Introduction
Oral health is an integral part of overall health in which oral cavity plays a vital role in the life of human beings, through functions like mastication, esthetics, phonetics, communication, emotional expressions as well linked to happiness and good general health and there is evidence that aesthetically acceptable and functionally adequate dentitions affect self-esteem, confidence and socialization. It is highly essential to safe guard oral health of all children from childhood otherwise poor oral health will lead to various dental diseases like dental caries, periodontal diseases which adversely affects the overall health.1, 2
The World Health Organization (WHO) defined health as “a state of complete physical, mental, and social well-being, rather than solely the absence of disease”. 2 In almost any community, it is possible to see few individuals suffering from handicaps of varying nature. These handicapped individuals also have the same fundamental rights as any other normal individual. 3. They have got equal rights to live and sustain an economically productive life. But their life style has to be adjusted according to their capabilities.

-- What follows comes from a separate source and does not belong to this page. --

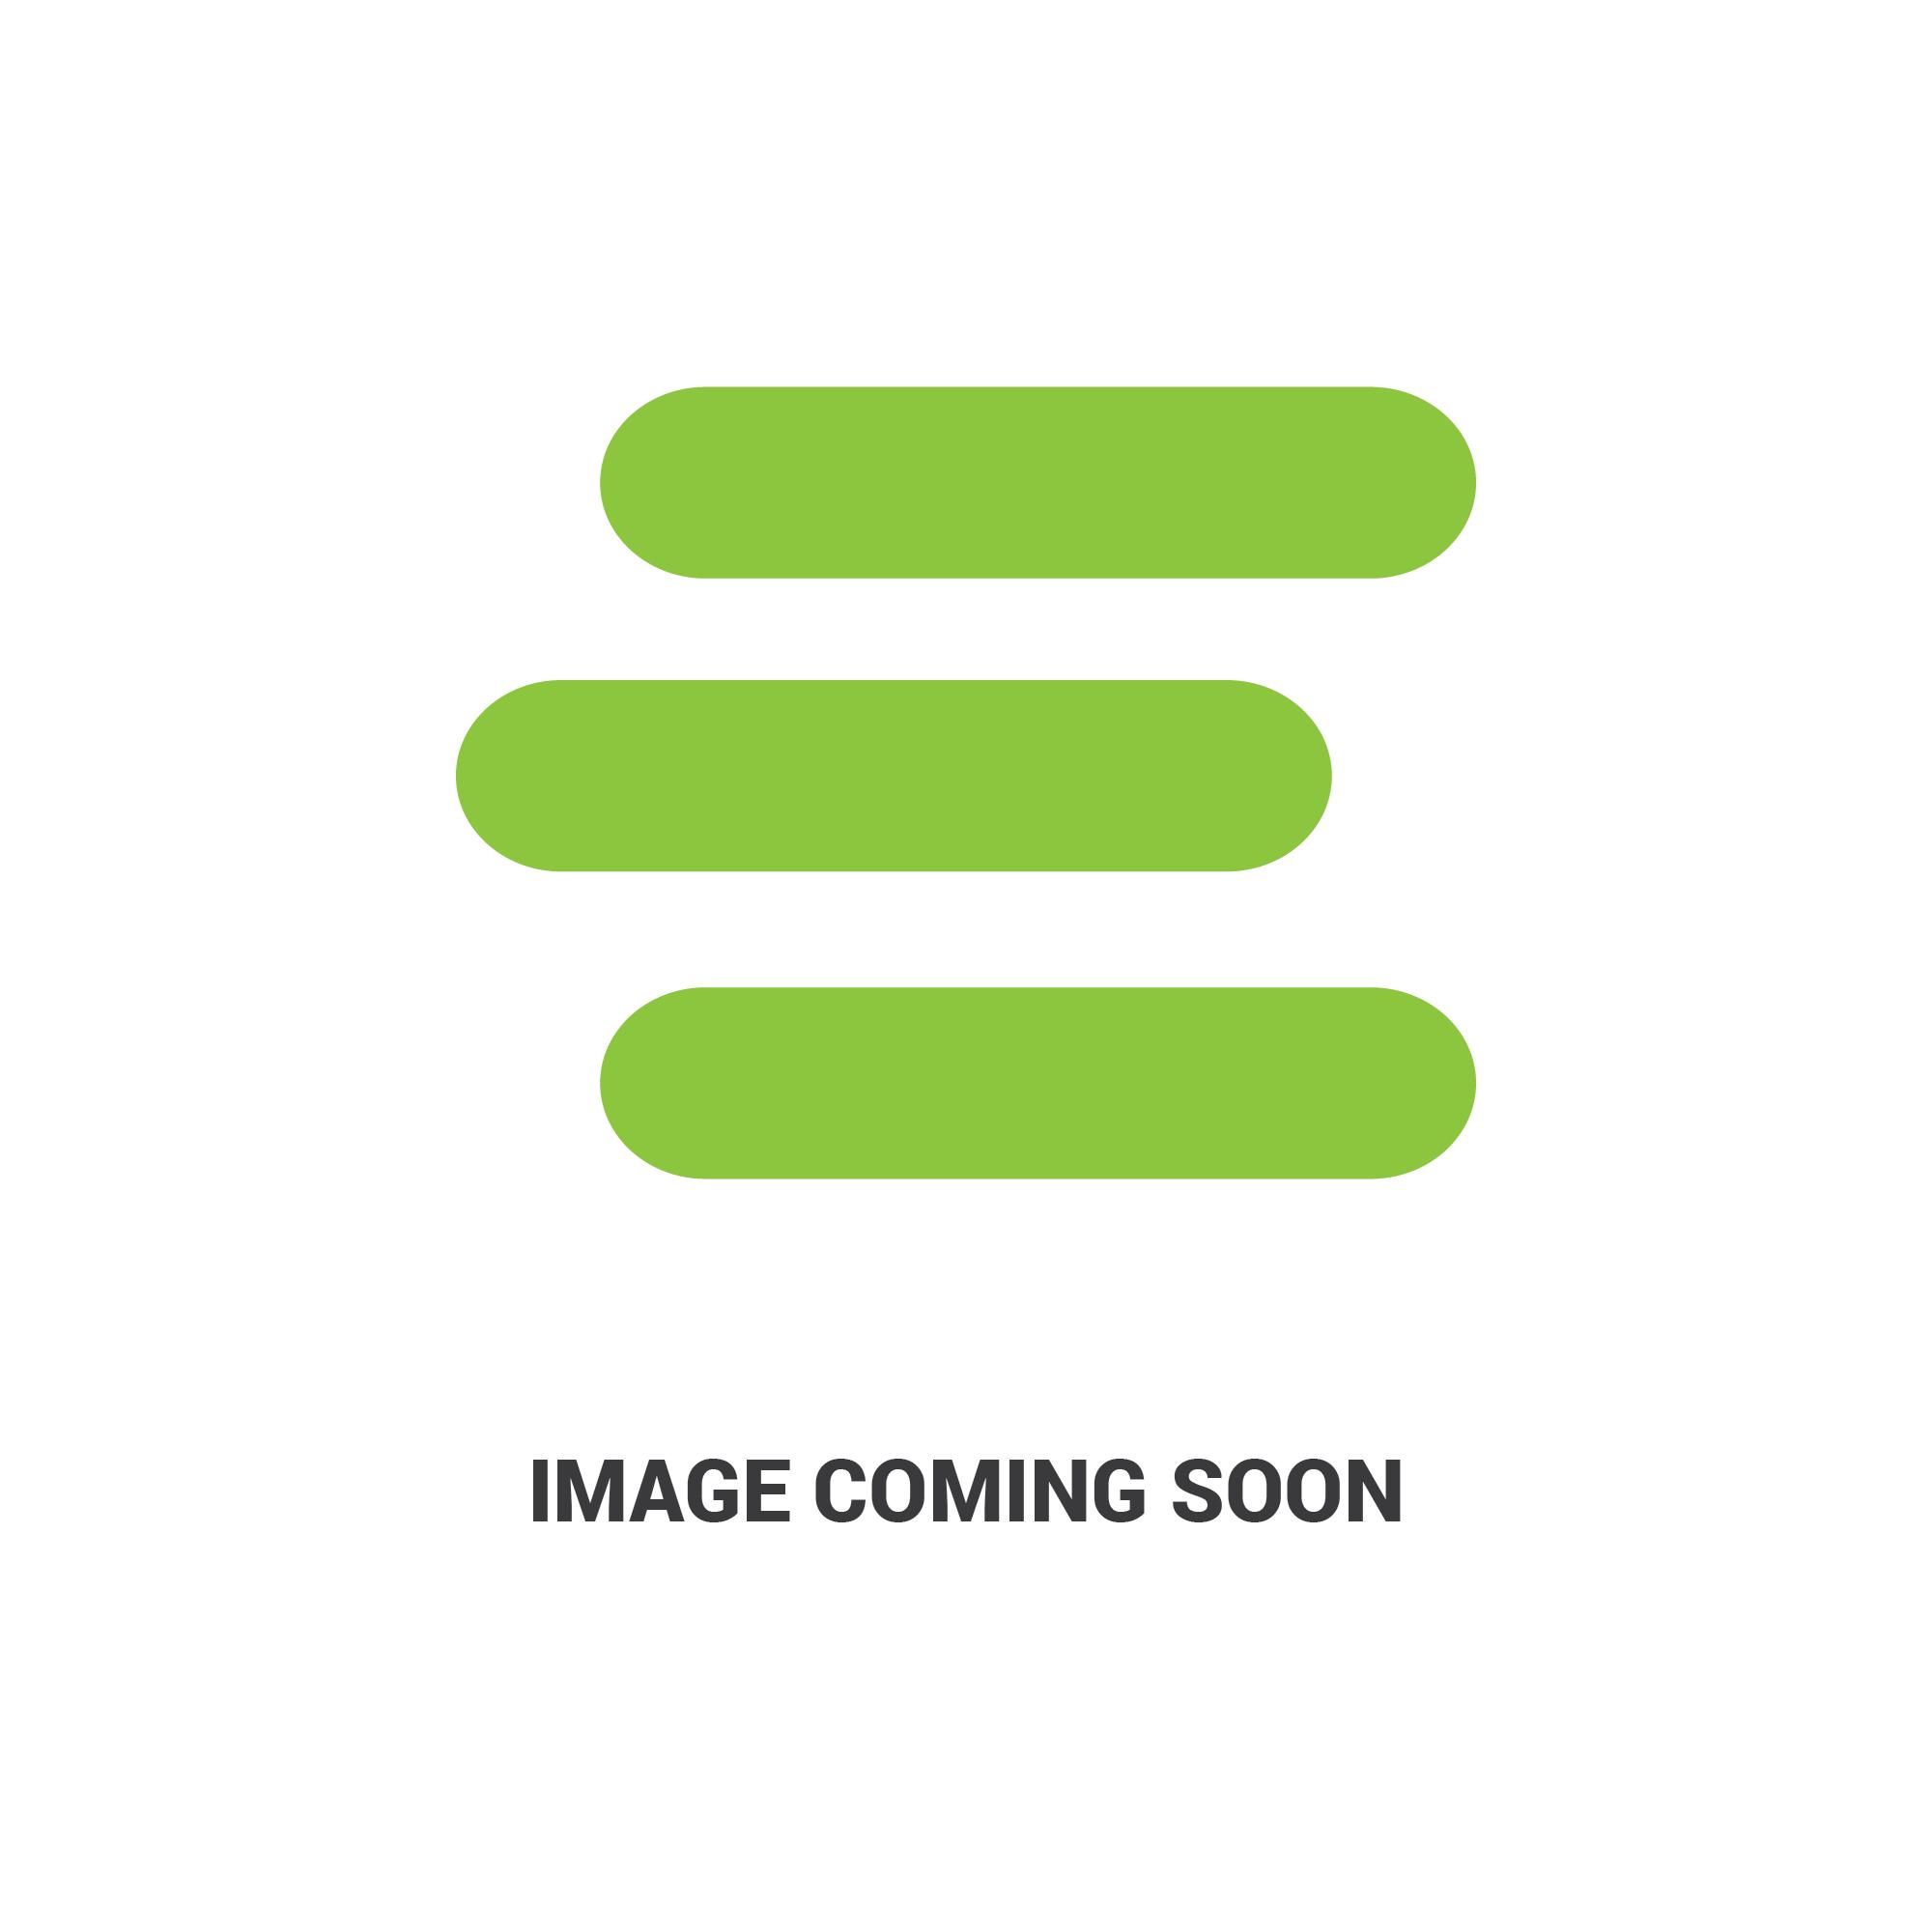 E-66582452554_1 .jpg

Initially the teeth and gums of handicapped individuals are as strong and healthy as those of the normal people. However, their diet, eating pattern, medication, physical limitations, lack of cleaning habits and attitudes of parents and health providers, all contribute to poor oral health of the handicapped. 3
Dental diseases are one of the common problems found in children. Good oral hygiene is important to a normal child for proper mastication, digestion, appearance, speech and health, but it is even more important for handicapped children as some of them use mouth as a functional limb to manipulate a chair and to manipulate bite stick. 4
It is desirable to safe guard oral health of all children from their childhood. The education regarding upkeep of oral health should be given to growing children, both normal and handicapped, in addition occupation and speech therapy to the later. 3 The prevention and treatment of the early stages of dental disease lie in the provision of self-care but this may be difficult for the special health care need (SHCN) children. 5
In recent years, there have been an increasing number of studies concerning the dental health of normal children. However, very little attention has been paid to the dental health of the handicapped children, who actually require special care and attention. These people cannot maintain proper oral hygiene and dental health as they are physically handicapped. 6
A number of studies have been conducted variably at times showed that challenges to oral health are more complex for disabled children, who are often unable to adequately apply the techniques necessary to control plaque. 3 In many instances, a disabled child’s oral hygiene care becomes the responsibility of another person, generally a parent or guardian, many of whom are emotionally or intellectually incapable of dealing with the health problems of their less fortunate affiliates. 7
When literature is reviewed, the majority of studies agree on the poorer oral hygiene and increased severity of gingivitis and periodontitis in handicapped people. Some reports show a high caries experience in handicapped children, while other studies describe comparable or even lower disease levels. A higher proportion of untreated lesions in handicapped children compared to non-handicapped controls have been documented in many studies. 8
Materials and Methods
An epidemiological study was conducted to assess the prevalence of dental caries, oral hygiene status, deft, enamel opacities and oral hygiene habits among the children 4-15 years of age requiring special health care needs in Lucknow district. There are various special schools including Government and NGO (non government organization) schools for special care needing children in Lucknow district. A total number of children to be included for the study are 1041. Among them, 605 were males and 436 were females of 8 different schools for special children. A schedule for data collection was prepared before starting of the survey, official permission and informed consent was obtained from the parents or guardians, heads of the special schools.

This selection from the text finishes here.